O. Henry Memorial Award Prize Stories of 1921 eBook

This eBook from the Gutenberg Project consists of approximately 467 pages of information about O. Henry Memorial Award Prize Stories of 1921.

O. Henry Memorial Award Prize Stories of 1921 eBook

This eBook from the Gutenberg Project consists of approximately 467 pages of information about O. Henry Memorial Award Prize Stories of 1921.

But Martin had only one remark to make, that it still was snowing.  Noon of the third day came, and the Ozark Central became the detour route of every cross-Missouri mail train.  Night, and Martin Garrity, snow-crusted, his face cut and cracked by the bite of wind and the sting of splintered, wind-driven ice, his head aching from loss of sleep, but his heart thumping with happiness, took on the serious business of moving every St.
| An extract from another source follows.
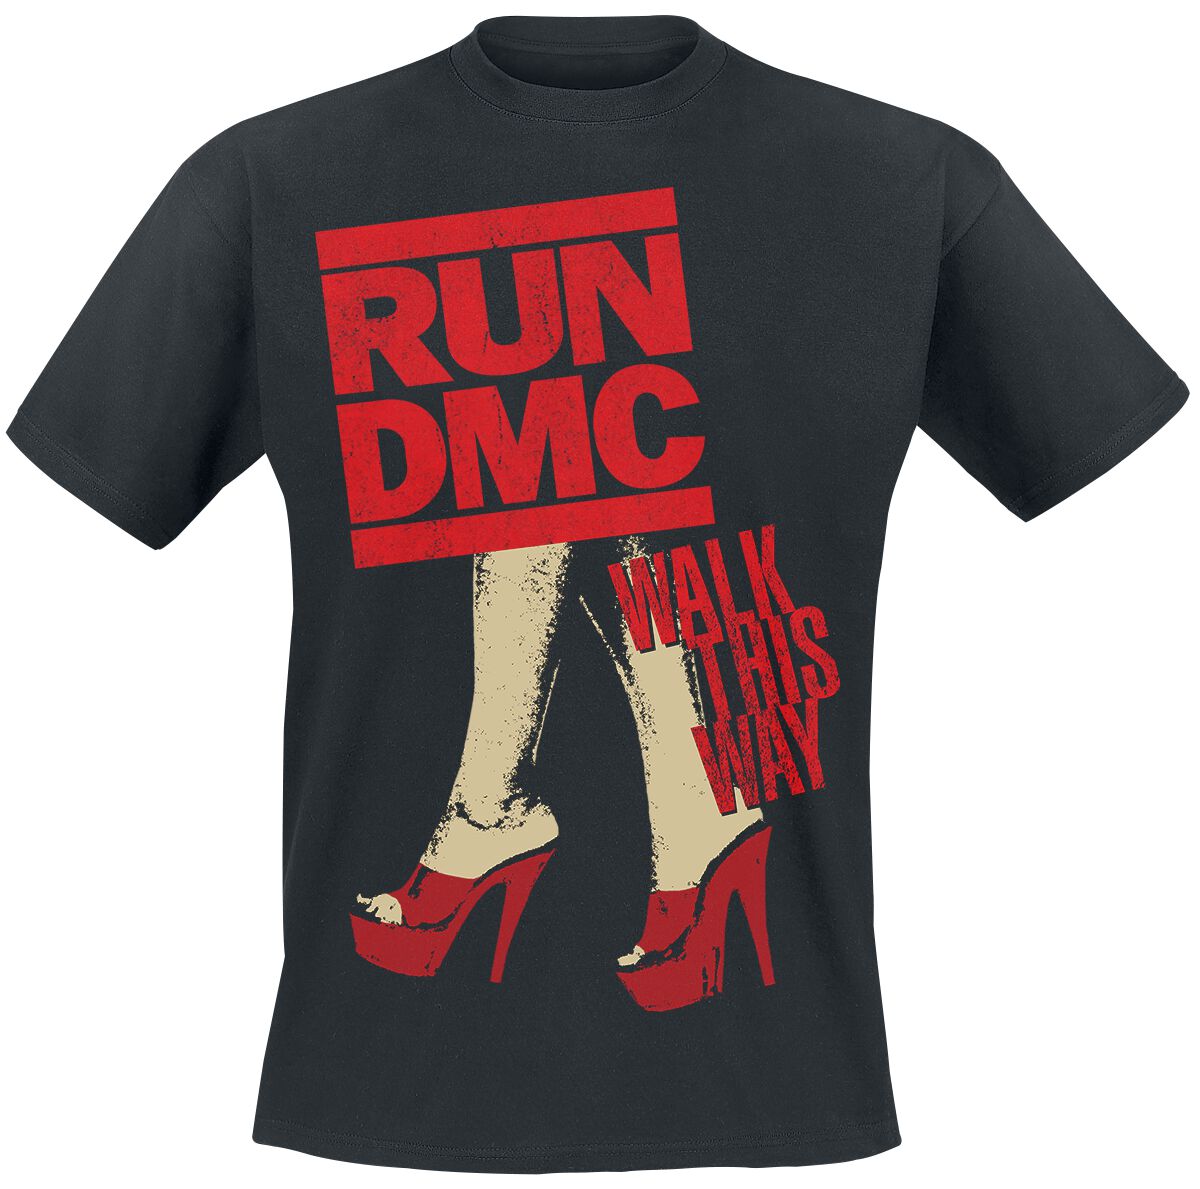 Run DMC Walk This Way Legs T-Shirt schwarz in S

Louis-Kansas City passenger and express train, blinked vacuously when someone called him a wizard.

Railroad officials gave him cigars, and slapped him on his snow-caked shoulders.  He cussed them out of the way.  The telephone at Northport clanged and sang with calls from President Barstow; but Martin only waved a hand in answer as he ground through with the rotary.
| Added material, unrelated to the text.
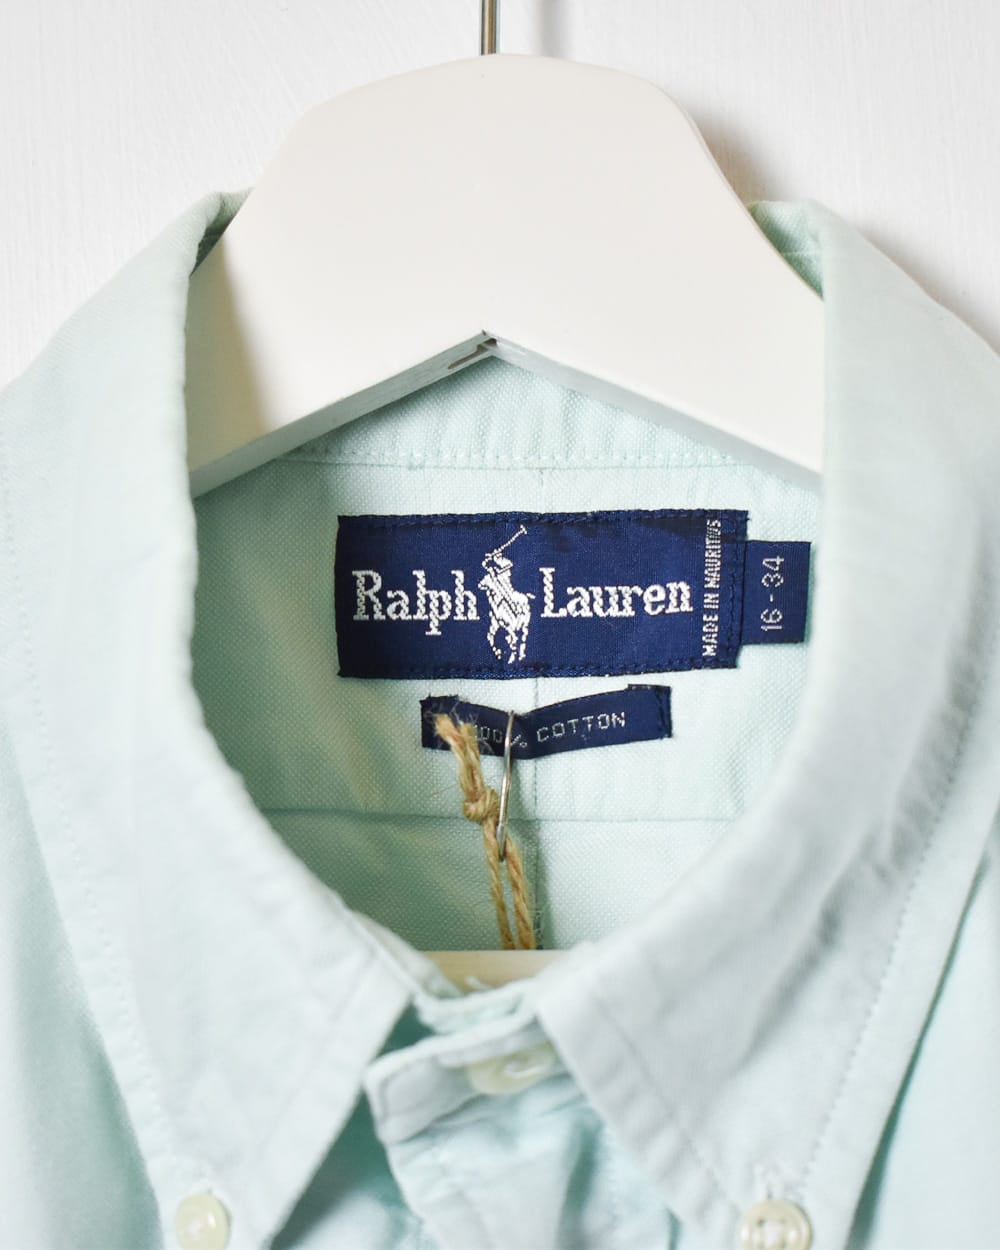 BabyBlue Polo Ralph Lauren Short Sleeved Shirt - X-Large

“Tell him to send me tilegrams!” he blustered.  “Don’t he know I’m busy?”

Twelve hours more.  The snow ceased.  The wind died.  Ten miles out of Kansas City Martin gave the homeward-bound order for Northport, then slumped weakly into a corner.  Five minutes before he had heard the news—­news that hurt.  The O.R.& T., fighting with every available man it could summon, had partially opened its line, with the exception of one division, hopelessly snowed under—­his old, his beloved Blue Ribbon.

“Tis me that would have kept ’er open,” he mused bitterly.  “And they fired me!”
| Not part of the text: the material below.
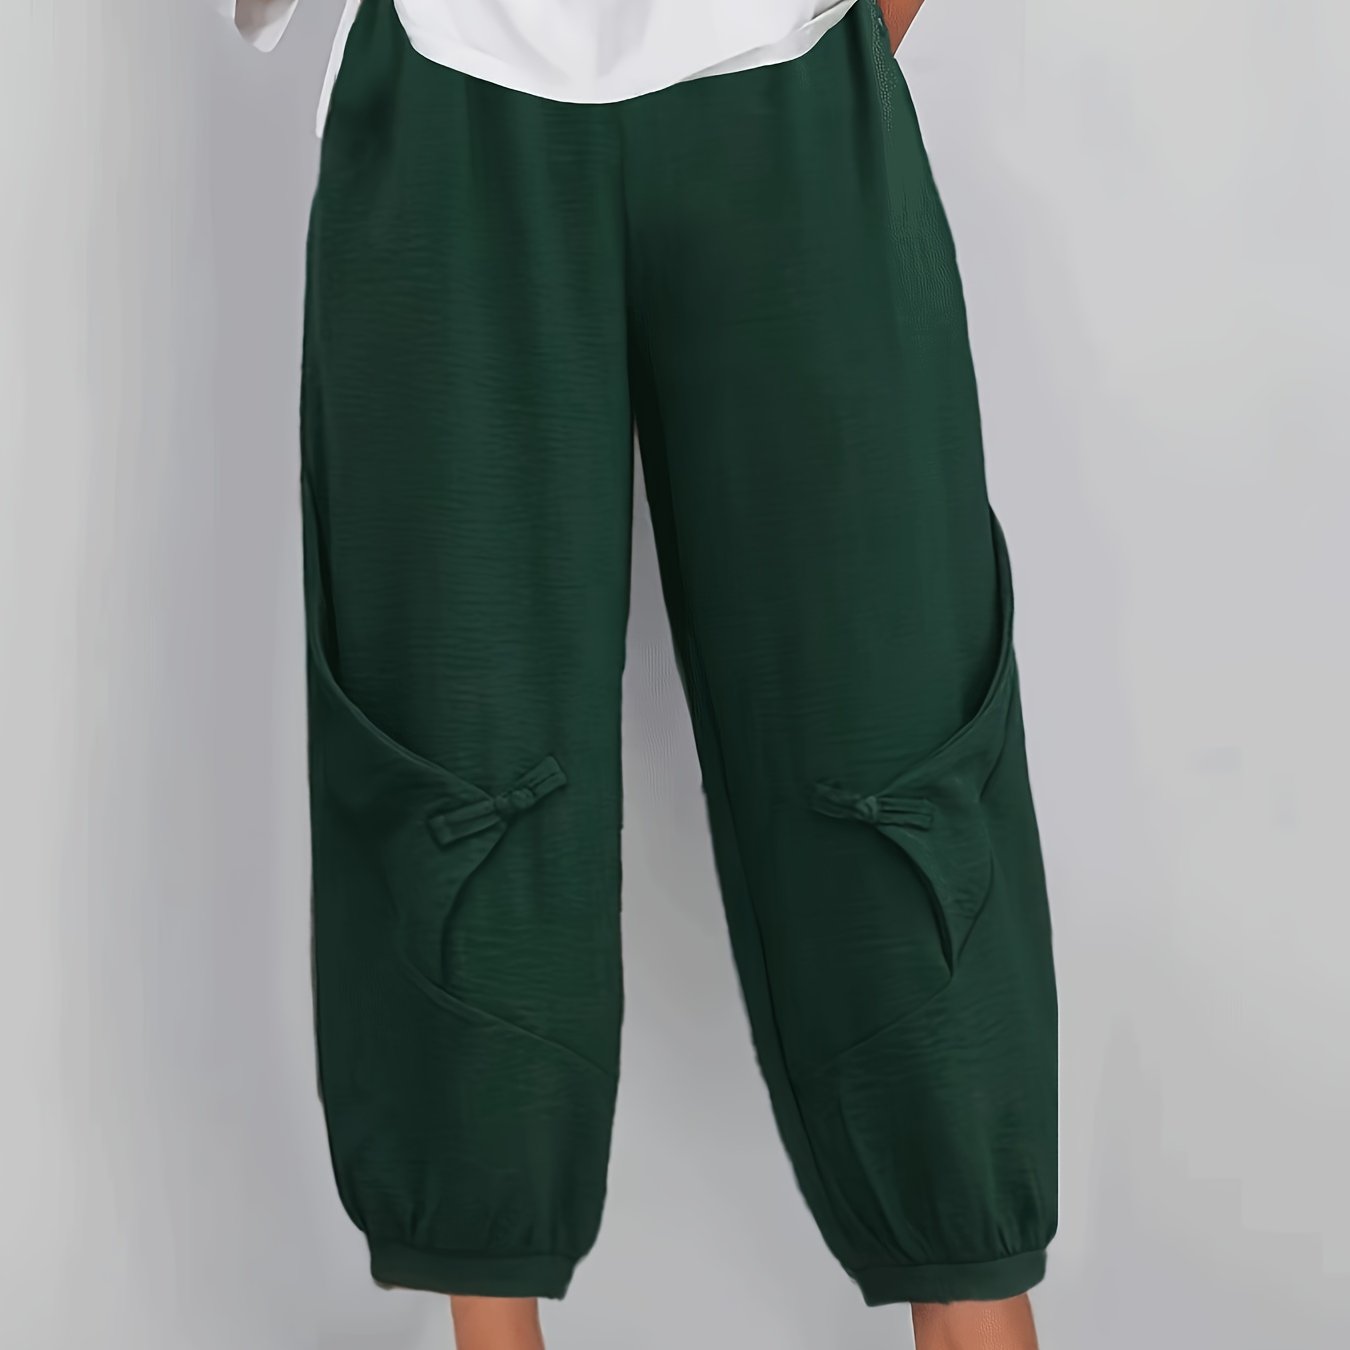 Women for Pants - Elastic Waist Slant Pocket Carrot Pants (Color

He nodded and slept.  He awoke—­and he said the same thing again.  He reached Northport, late at night, to roar at Jewel and the hot water she had heated for his frost-bitten feet—­then to hug her with an embrace that she had not known since the days when her Marty wore a red undershirt.

“And do ye be hearin?” she asked.  “The Blue Ribbon’s tied up!  Not a wheel——­”

“Will ye shut up?” Martin suddenly had remembered something.  The mail test!  Not forty-eight hours away!  He blinked.  One big hand smacked into the other.  “The pound of flesh!” he bellowed.  “Be gar!  The pound of flesh!”

“And what are ye talkin’ ——­”

“Woman, shut up,” said Martin Garrity. “‘Tis me that’s goin’ to bed.  See that I’m not disturbed.  Not even for Mr. Barstow.”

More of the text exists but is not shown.